Interest in hybrid activity is building, and it’s noteworthy that this increased interest is occurring at a time when most people would say that utilization, at least from an inpatient perspective, is heading downward and payment is pressured. What could derail this momentum? 

“If people do not understand the healthcare enterprise beyond just a hospital play, the hybrid model will not be sustainable,” says O’Neill of Ascension Health Care Network. “There should be a balanced portfolio with ambulatory, physician practice, and provider risk generating a large component of revenues. As an industry, we need to look at the hospital as one component of care delivery and take a longer view. Part of due diligence means considering whether there are other opportunities in the market.” 

Perhaps avoiding derailment hinges on the for-profit partner achieving the returns it expects on the capital it puts at risk. 


Bryan Cali is a director, Navigant Healthcare’s strategic advisory team, Chicago, and a member of HFMA’s First Illinois Chapter.

Casey Quinn is a managing consultant, Navigant Healthcare’s strategic advisory team, Chicago, and a member of HFMA’s Massachusetts-Rhode Island Chapter.


sidebar:

Hybrid Deals Are Not Unique to Health Care 

Parallels to the healthcare industry’s recent experiences with hybrid deals can be drawn from other industries that have experienced similar not-for-profit/for-profit unions. For instance, in 2004, the city of Chicago awarded a maintenance and operations contract for the Chicago Skyway, an eight-mile, six-lane toll road and bridge, to Cintra-Macquarie, a foreign infrastructure banking consortium. Years of underfunding of maintenance and repairs to America’s infrastructure, coupled with state and local budget constraints, have resulted in public-private partnerships across various segments of the transportation industry. 

Highways, airports, and urban transit at large have all benefited from the infusion of private capital to infrastructure projects that are in dire need of financial resources, but whose state and local government owners have no available funds to invest. Raising taxes has limited benefit, and the federal government is scaling back on funding. Is a mass transit system’s oversaturation of bus routes relative to the population it serves akin to a hospital’s excess bed capacity? 

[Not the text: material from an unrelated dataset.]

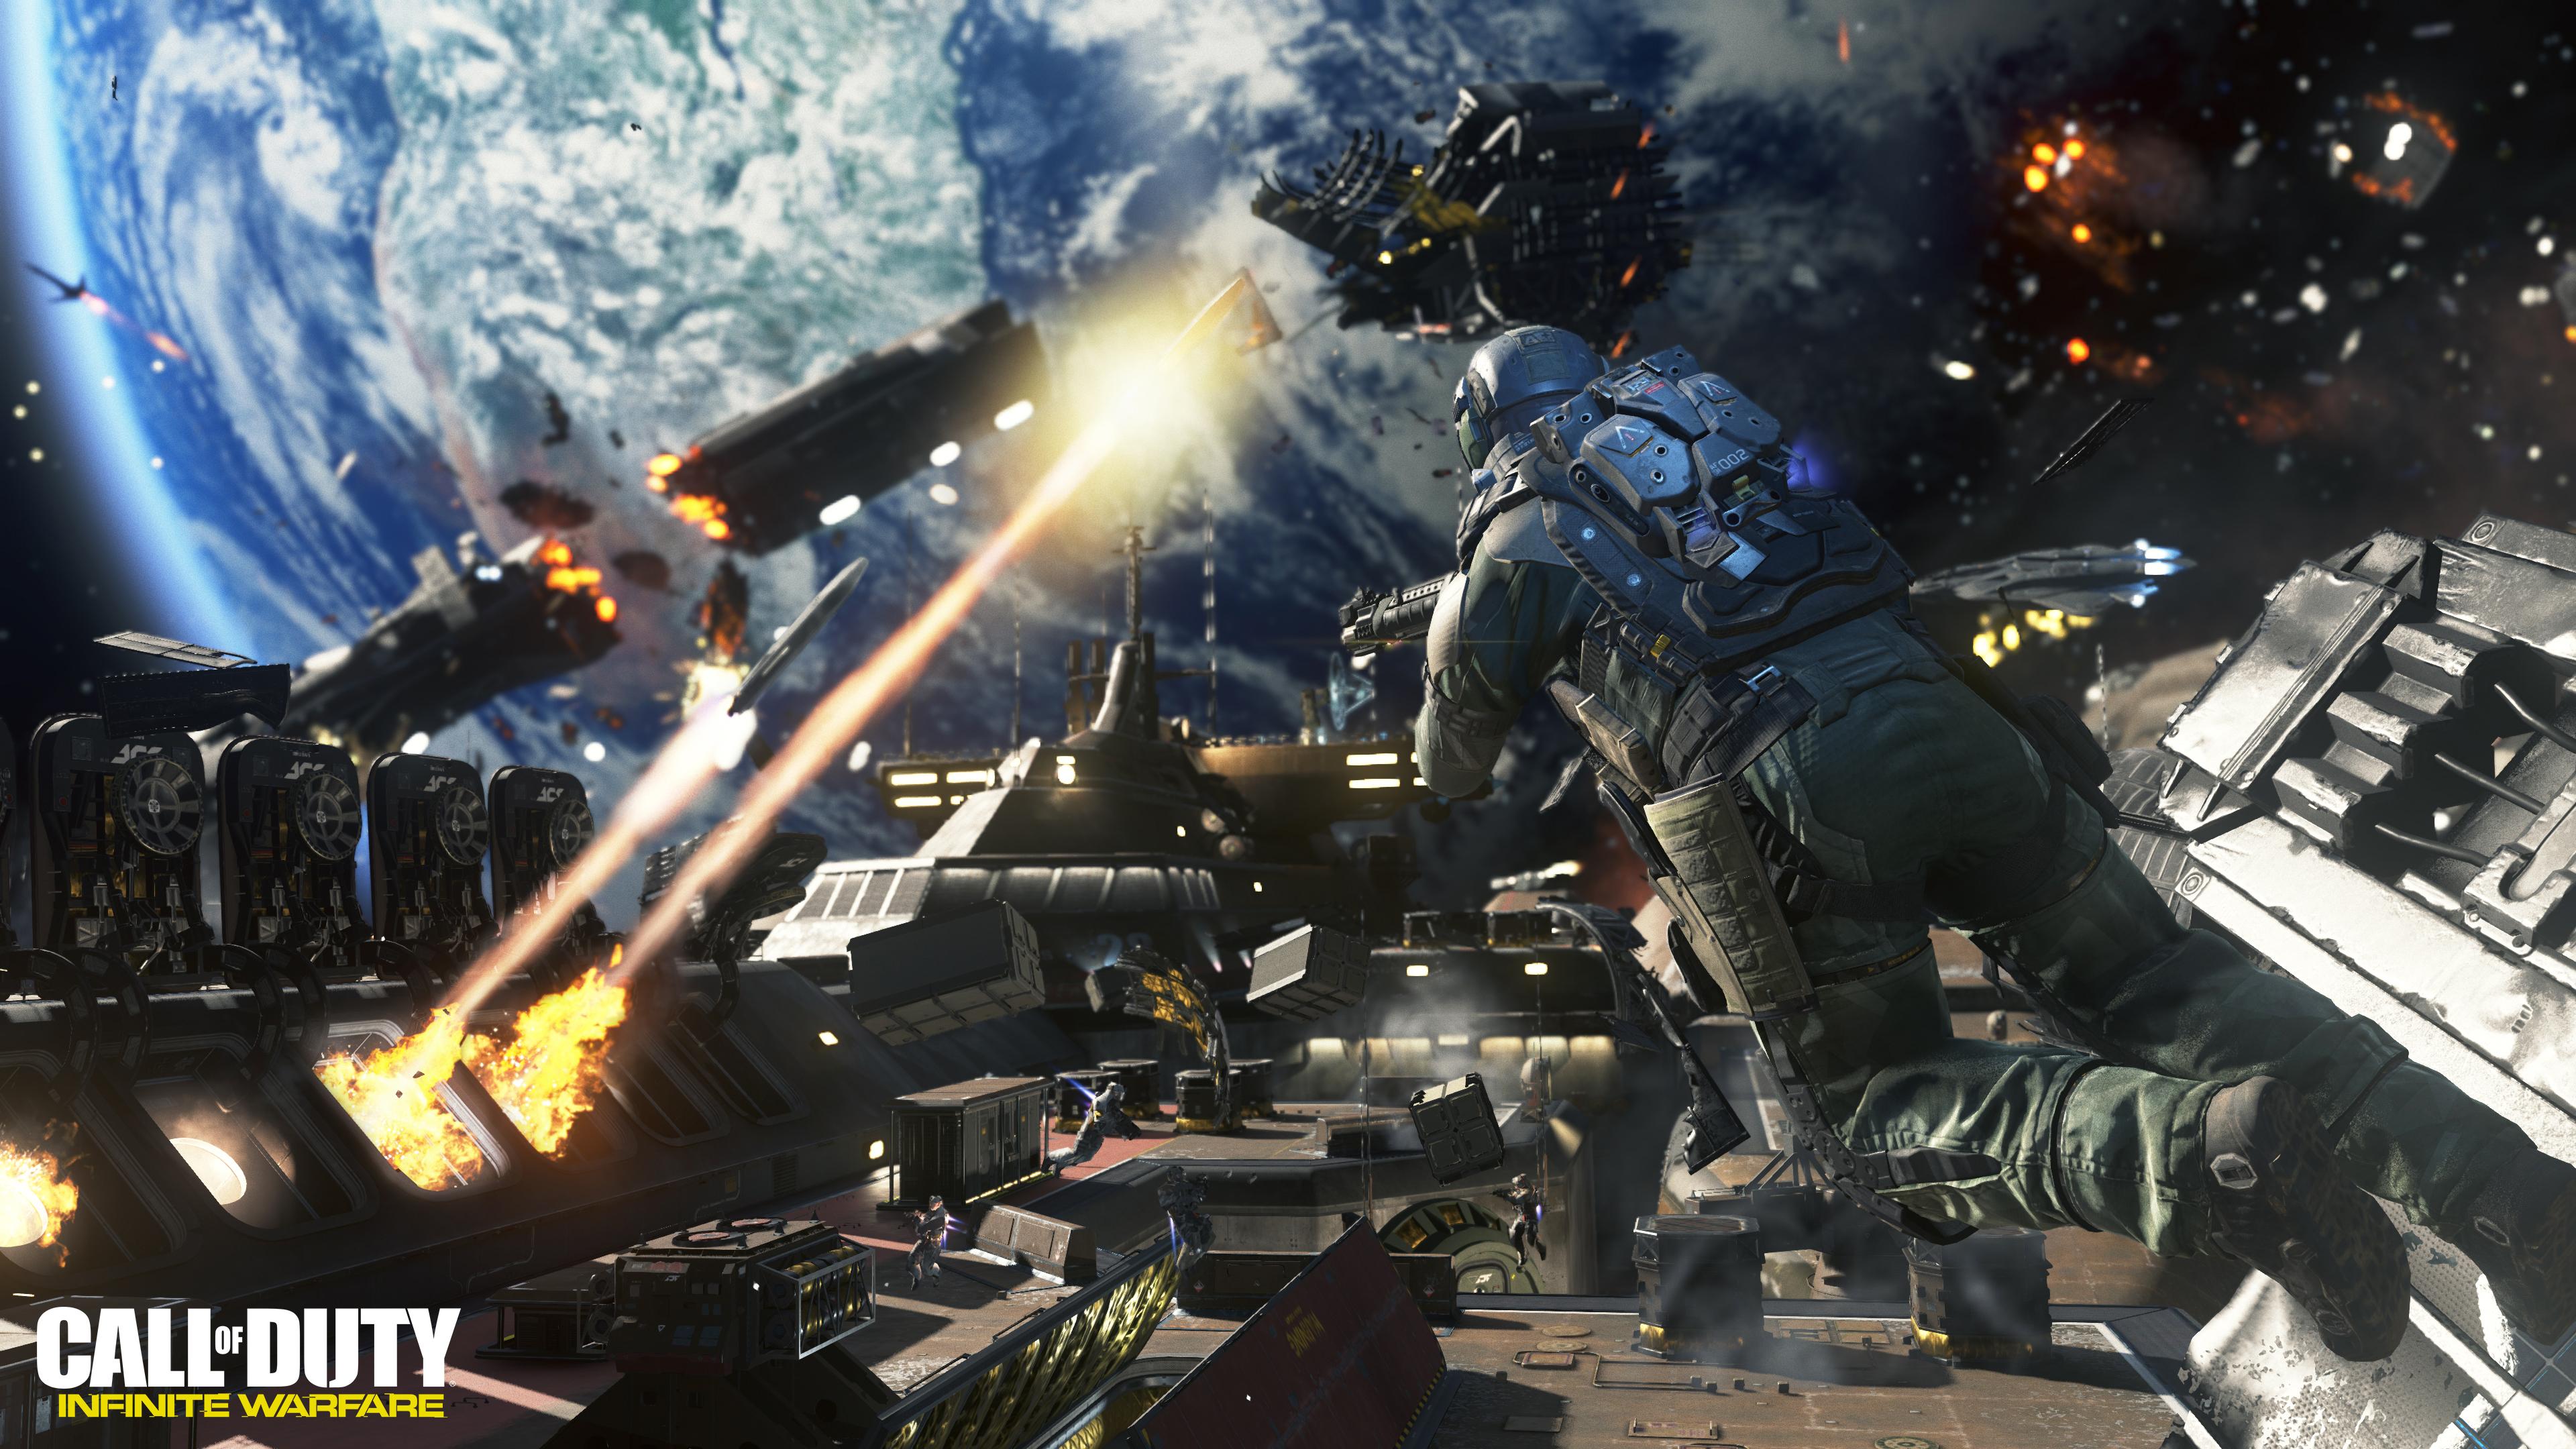 Call of Duty Infinite Warfare Space

Would the Chicago Transit Authority benefit from a private owner that designs services and makes investments around its travelers to turn a profit in much the same way that the Chicago Skyway has? This is not to say that not-for-profit hospitals have designed their facilities around unneeded services; rather, it is a question of whether hospitals that are designed around their inpatient business will increasingly find the need for significant financial resources to redesign their services to reflect the new world of broader patient access and fewer patient overnights at a time when capital for new projects is scarce.